Let God touch you. Let him wash through you.
Jesus is calling you to him. Don’t resist.
Two days later, I was in the psychiatric ward
at the hospital. They call it B Med.
Until I was admitted, I knew it as the name
a local poet used because he struggled
with depression. B Med. A joke. People
who are manic run in circles like animals
in the zoo or patients in B Med. That’s what
a doctor said during my appointment
when I told him I live with bipolar.
Sometimes there aren’t sirens.

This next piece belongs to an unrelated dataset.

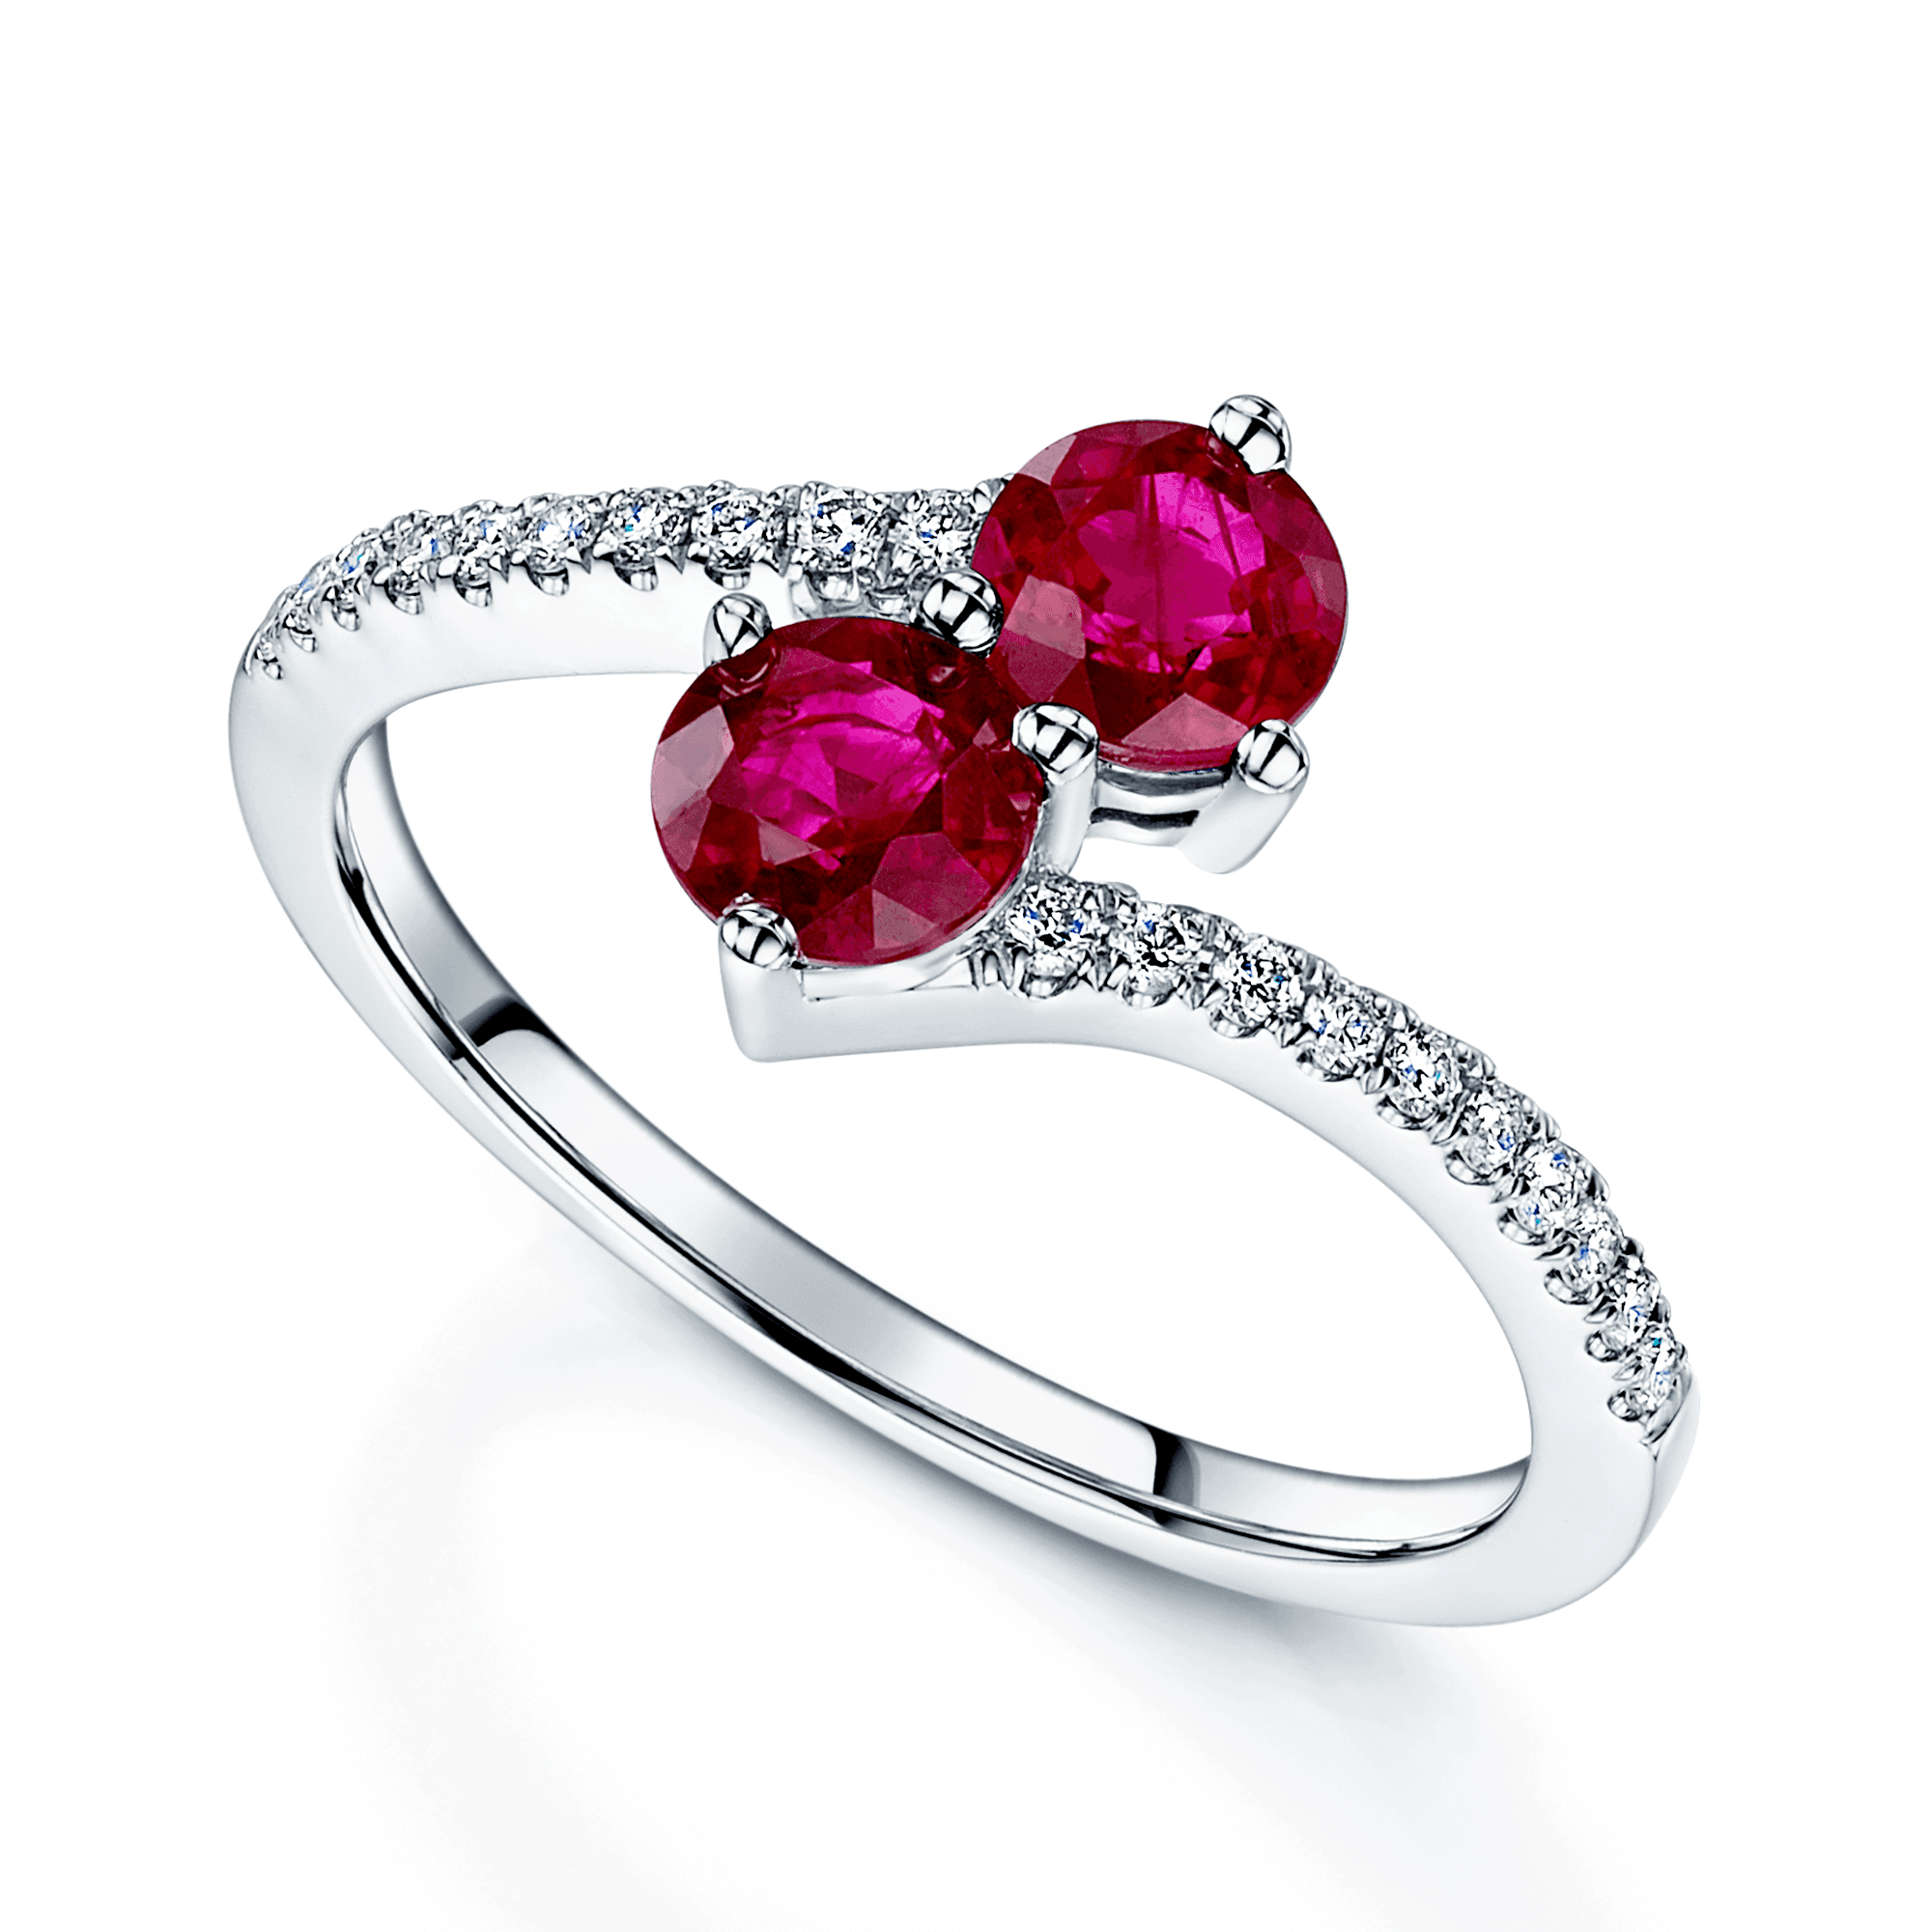 Platinum Round Brilliant Cut Ruby Two Stone Twist Ring With Diamond Set Shoulders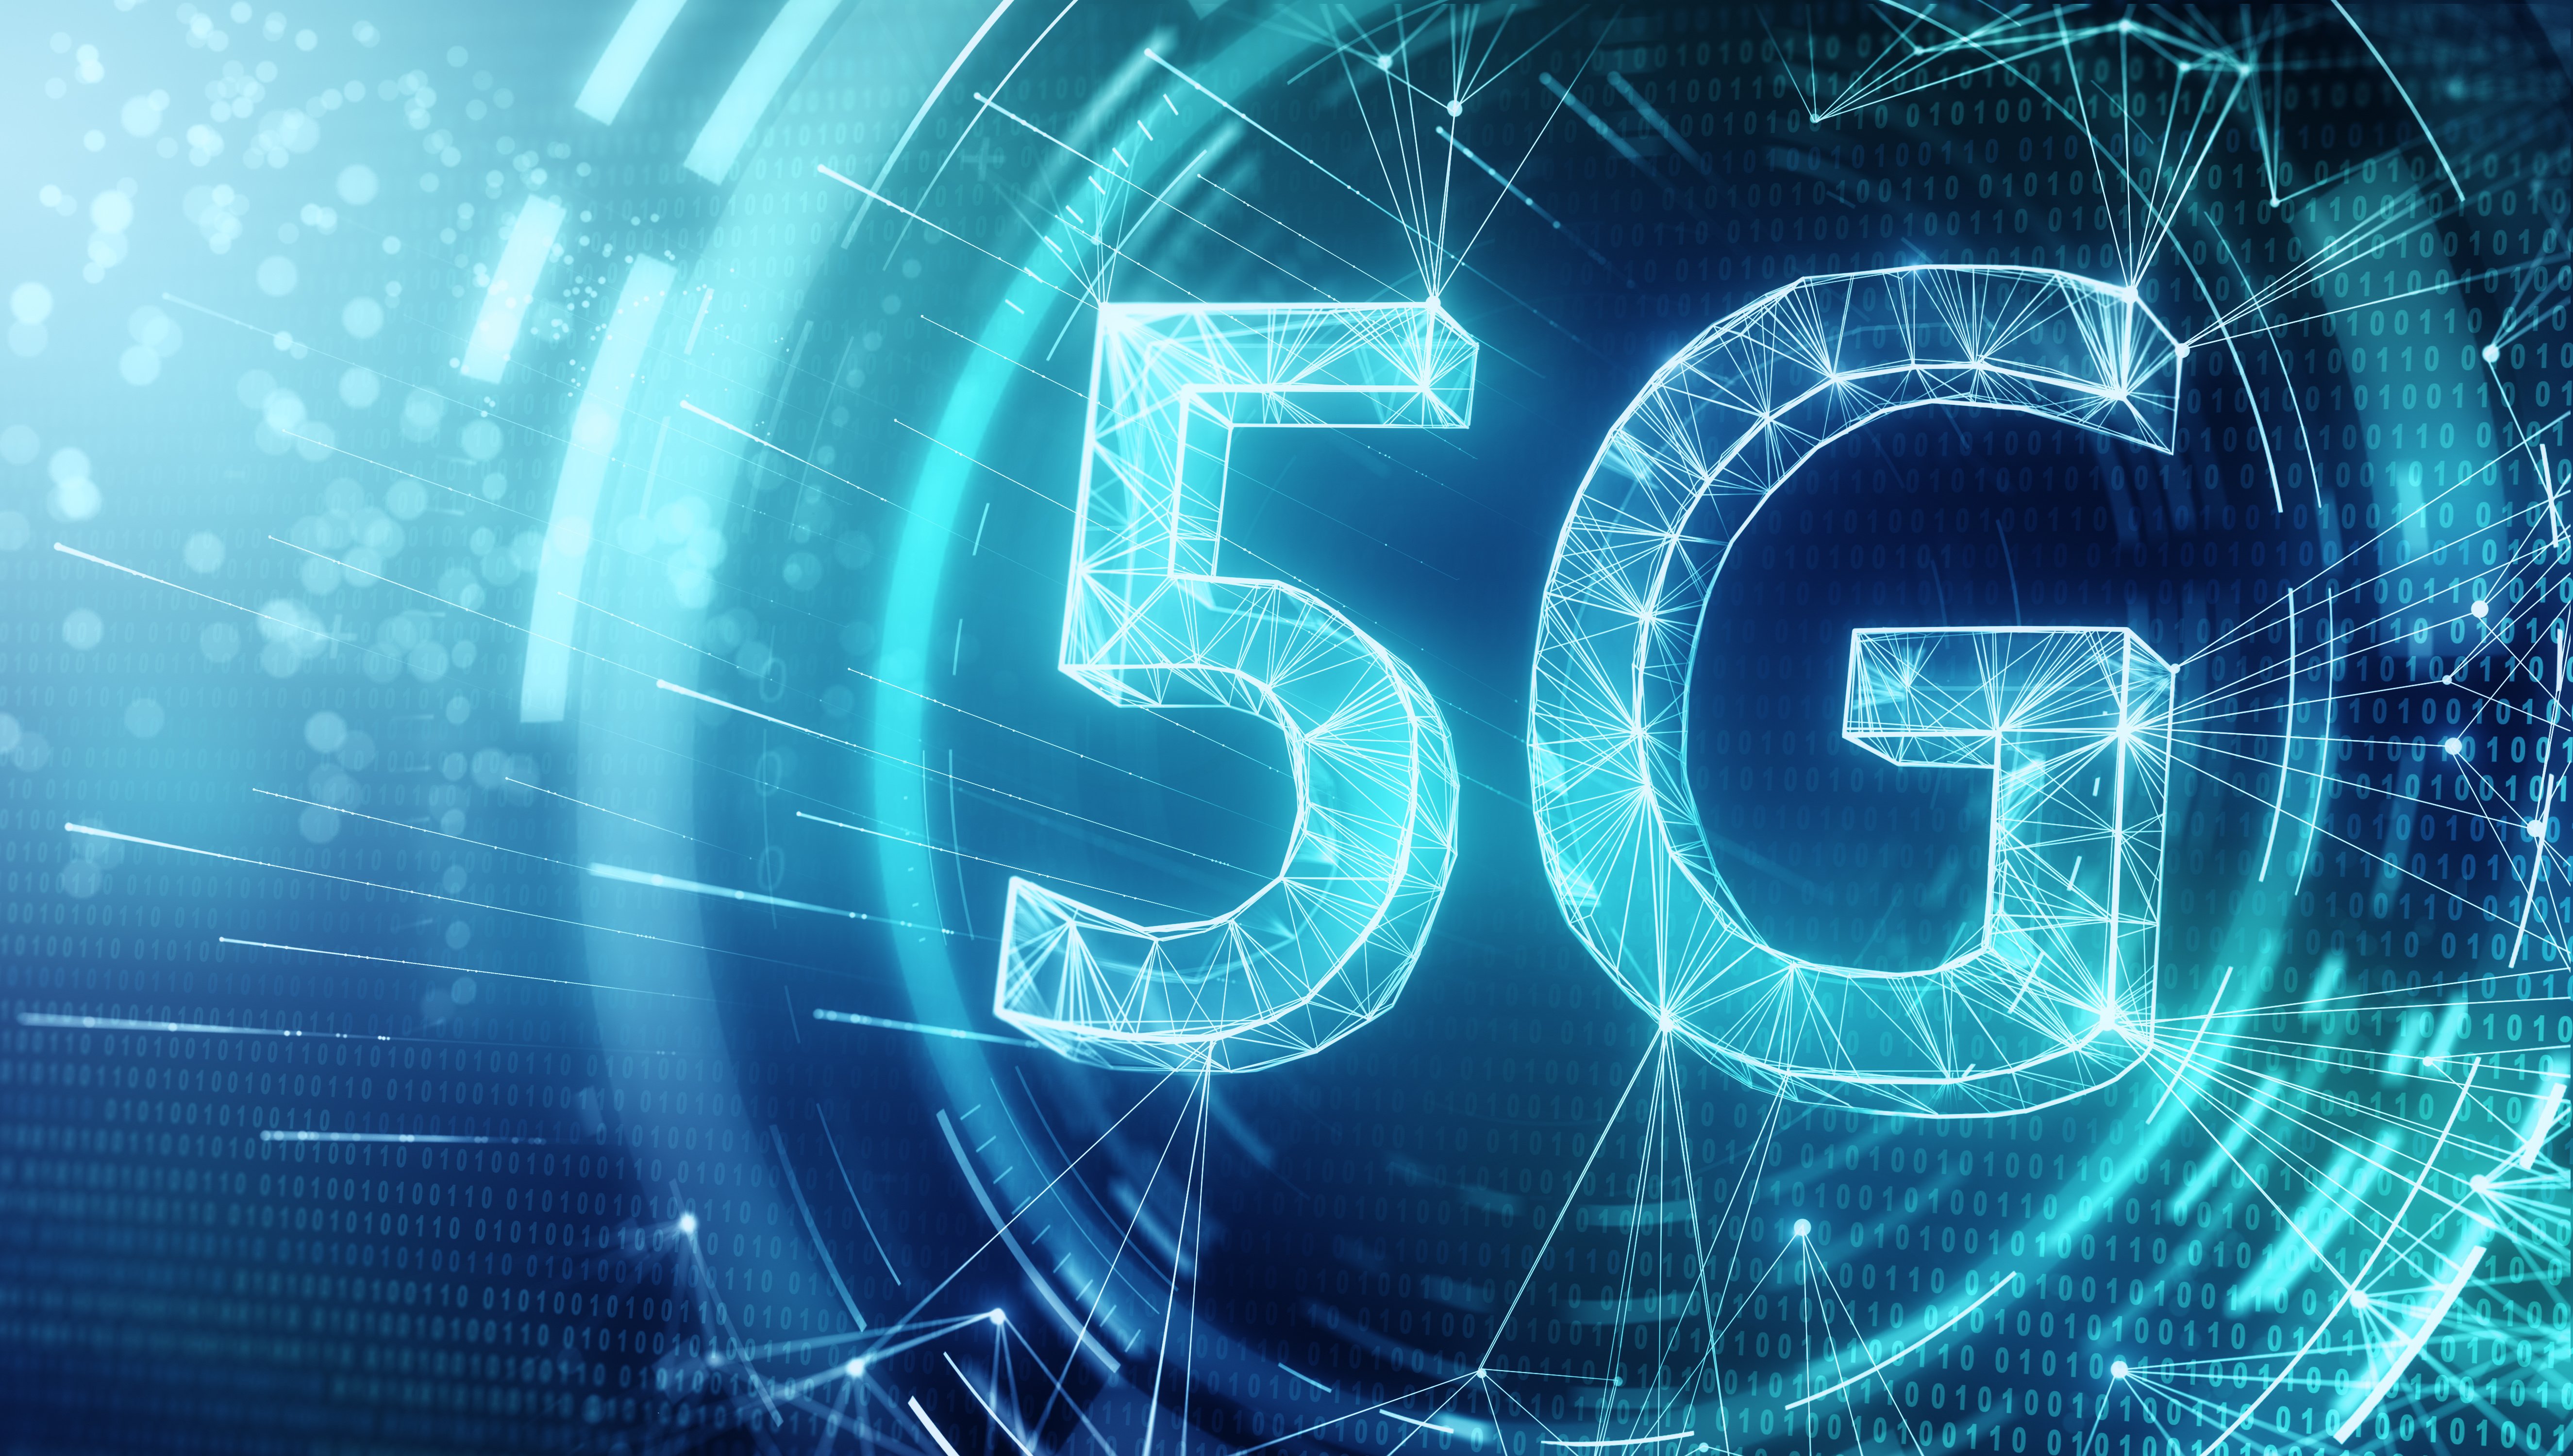 Quickly deploy an integrated, secure battlespace-ready 5G solution  

Just flowers
and signs that say things in threes, like
It’s not over and We love you and Don’t give up.
The city tears it all down, doesn’t want tourists
to know what happens here, what God either
can’t say or isn’t able to hear. When I stand,
the therapist is crying. This is love, she says.
Can’t you feel it? There’s no narrative
in my town. There’s just whatever this is.
*
The Knave
What if instead of talking in tongues, they’d called it
Voicing what the body needs that can’t be held in language.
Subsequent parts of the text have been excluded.